MAC prove that message was produced by *any* of participants that have access to
the shared secret (and can be validated only by people that have access to this
shared secret).
Works perfectly with *one* participant (you store encrypted and MACed data on
untrusted medium; then you retrieve your data [on trusted system], and verify
MAC to ensure they are still intact).
Still works with two participants (if only Alice and Bob knows shared secret,
and Bob knows he is not author, it must be Alice).
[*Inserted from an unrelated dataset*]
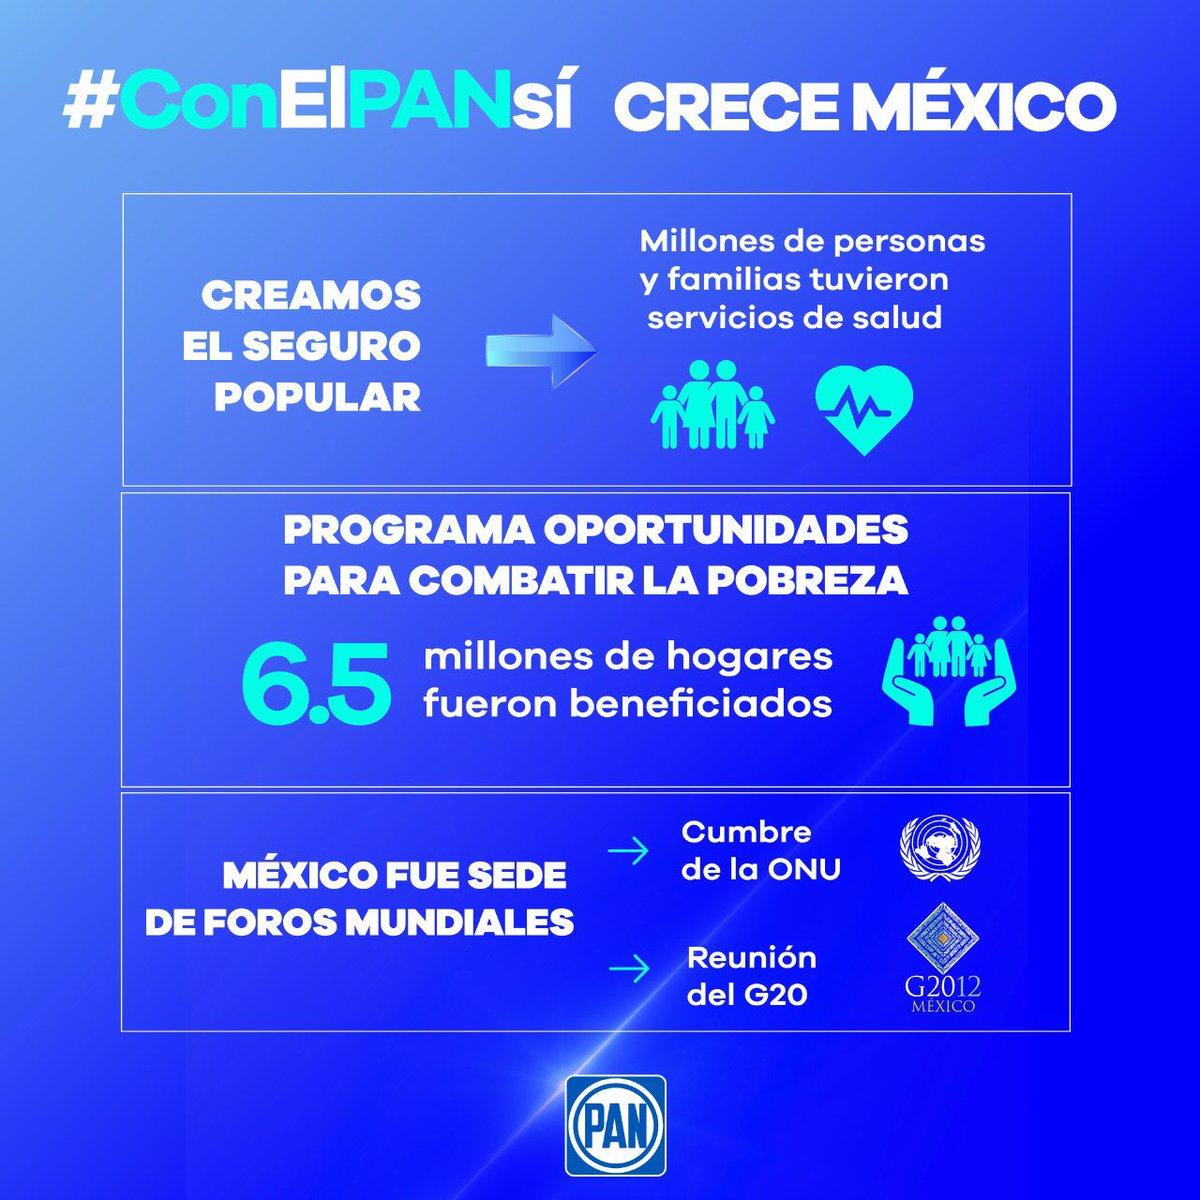 A 80 años de nuestra fundación, @AccionNacional ha demostrado que es la alternativa en México y el principal contrapeso de poder frente al Gobierno autoritario y regresivo de Morena. #ConELPANsí #80AñosDelPAN

That is, unless Bob private
key leaked (pretty bad for Bob anyway, but still with MAC he is *more* pwned
than with signatures).
Does not work with *more than two participants* (Alice, Bob and Charlie know
shared secret and thus can generate and validate MAC; who was author of message,
Alice or Charlie?).
And, of course, cannot work at all with *undefined* number of participants (to
verify signature, you need public key, there are no problem with distributing
public key to random people; to verify MAC, you need *secret* key, there are no
way you can safely share secret key with random people).

> If need to associate ephemeral public key with sender's permanent public
> key, wrap another shared secret that involves the permanent public key
> inside the message.

You mean, "sign her ephemeral key on permanent key"? LOL.
(And still *MAC completely useless with more than two participants*.)
And, as said above, to ensure encryption is intact, you need to sign *recipient
key* rather than *(ephemeral) sender key*.